山中 『ナミビアの砂漠』までは、まさにその向いてなさを感じていました。やっぱり、監督の振る舞いって正解がないので。どうしたら人に気持ちよく仕事をしてもらえるか、どうしたら思うようなパフォーマンスをしてもらえるか。それって人からは教えてもらえないんですよね。

その結果、自分の性に合わないような振る舞い方もしていました。最初は年齢も若く信頼されていないので、簡単にいうとナメられてしまう。そこでどうすれば自分のやりたいことを相手に具現化してもらえるか考えるほど、居心地の悪い振る舞いをして、居心地の悪い空気になっていく。それがキツかったですね。

──それは経験を積むことでしか、乗り越えられないんですかね。

山中 場数を踏んで体得していくしかないですね。でも、頭で考えてもしょうがないから、難しいことは考えないようにしようとしたんですけど、コロナ禍になって本当に無理かもしれないと思ってしまって。一切現場の仕事はやらずに自分と密に向き合ったことで、「(監督を)辞めたいかも」と思うようになっていたんですね。ただ、そのあとに少し年上の女性プロデューサーからドラマのお仕事をいただいたんです。

その方は、まわりにどう思われようとまっすぐなところがあって。その姿を見ていたら「これでいいんだ」と勇気づけられて、自分が我慢して人に迎合するがんばり方は、ちょっと違うんじゃないかと気がつきました。それからは、自分でスタッフィングするなど、自分を軸に人と関わるように変えていき、ストレスも少なくなりました。結局、自分が我慢していると場の空気もよくならなくて、みんな楽しめないんですよね。

──そういった自分なりの仕事の仕方が見えてきたところで、『ナミビアの砂漠』の企画が動き出したのでしょうか。

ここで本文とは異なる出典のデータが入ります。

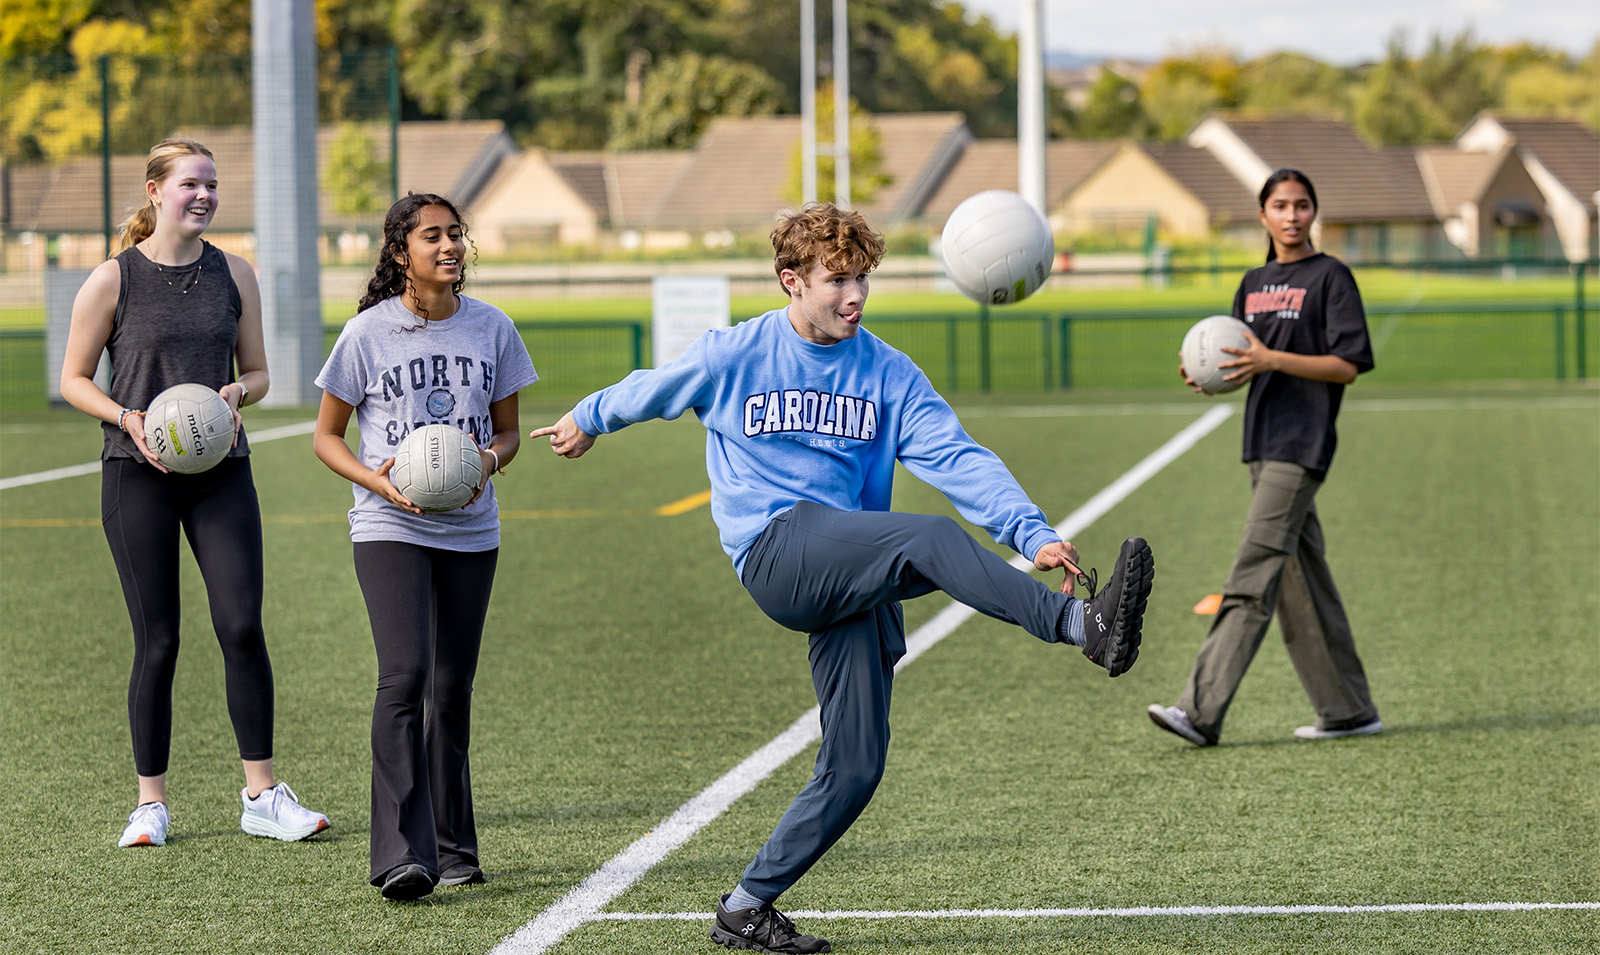 A student kicking a ball.

山中 そうですね。最初は別の原作小説を河合優実さんで撮る企画が進んでいたのですが、自分と向き合った期間があったことで、私ではこの原作をまっとうできないんじゃないかと思い、「降りたい」とプロデューサーに伝えたんです。そうしたら、「オリジナルならどうですか?」とご提案いただき、『ナミビアの砂漠』になっていくという。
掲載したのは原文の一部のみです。